Arechavala-Gomeza Virginia, Khoo Bernard, Aartsma-Rus Annemieke
Neuromuscular Disorders Group, BioCruces Health Research Institute, Barakaldo, Bizkaia, Spain.
Endocrinology, Division of Medicine, University College London, London, UK.
Appl Clin Genet. 2014 Dec 4;7:245-52. doi: 10.2147/TACG.S71506. eCollection 2014.

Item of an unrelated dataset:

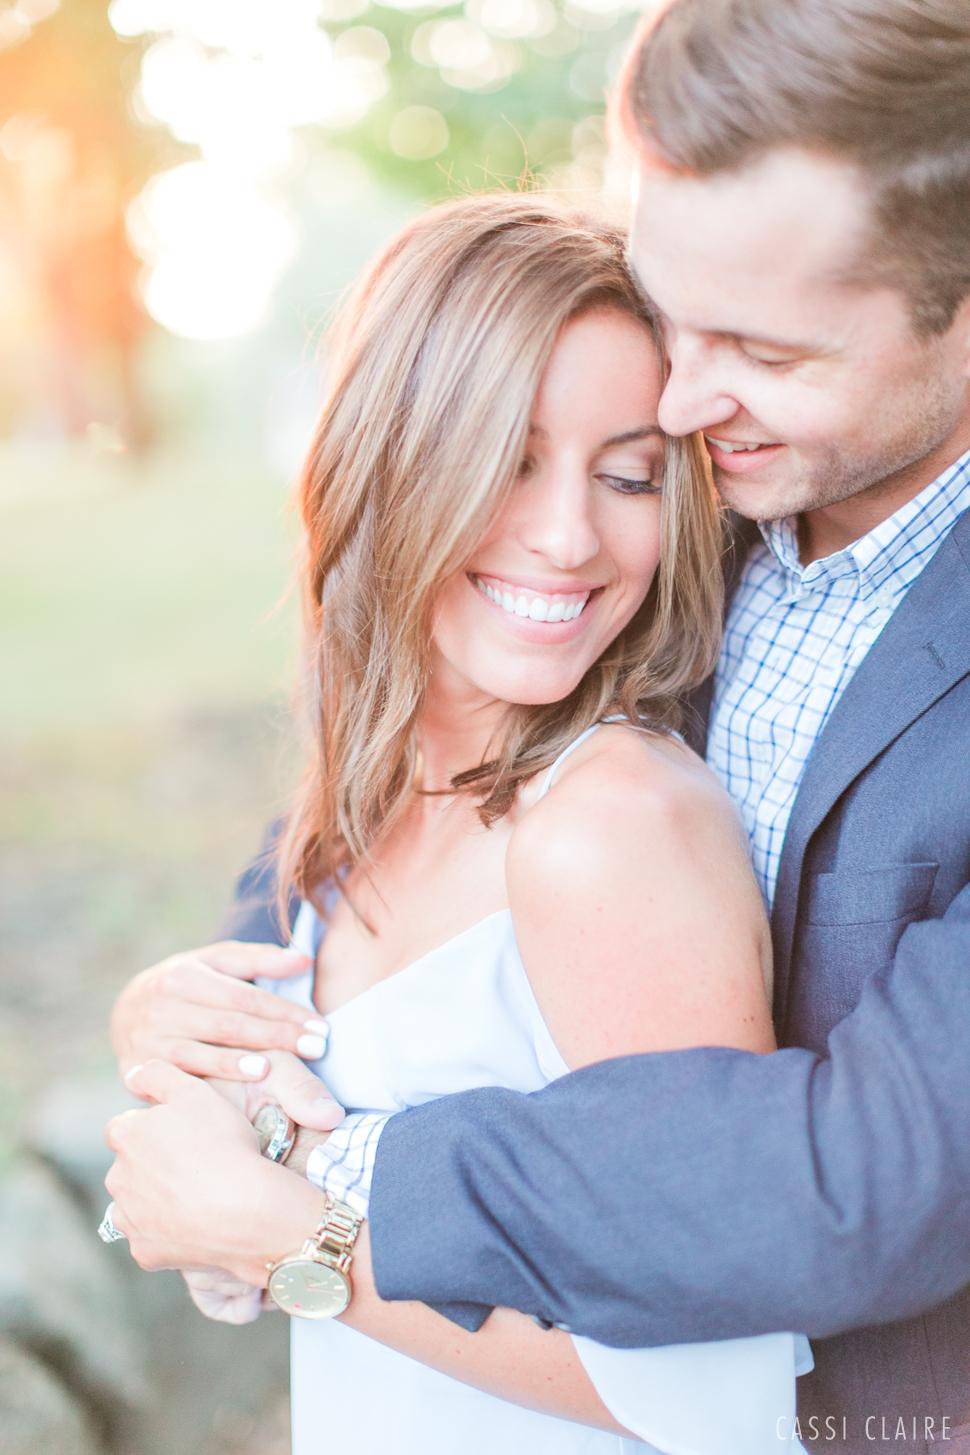 NJ-Engagement-Photos_Cassi-Claire_52.jpg

Antisense-mediated splicing modulation is a tool that can be exploited in several ways to provide a potential therapy for rare genetic diseases. This approach is currently being tested in clinical trials for Duchenne muscular dystrophy and spinal muscular atrophy. The present review outlines the versatility of the approach to correct cryptic splicing, modulate alternative splicing, restore the open reading frame, and induce protein knockdown, providing examples of each. Finally, we outline a possible path forward toward the clinical application of this approach for a wide variety of inherited rare diseases.
反义介导的剪接调控是一种可通过多种方式加以利用的工具,有望为罕见遗传病提供治疗方法。目前,这种方法正在杜氏肌营养不良症和脊髓性肌萎缩症的临床试验中进行测试。本综述概述了该方法在纠正隐蔽剪接、调控可变剪接、恢复开放阅读框以及诱导蛋白质敲低方面的多功能性,并分别给出了示例。最后,我们概述了将这种方法临床应用于多种遗传性罕见病的可能途径。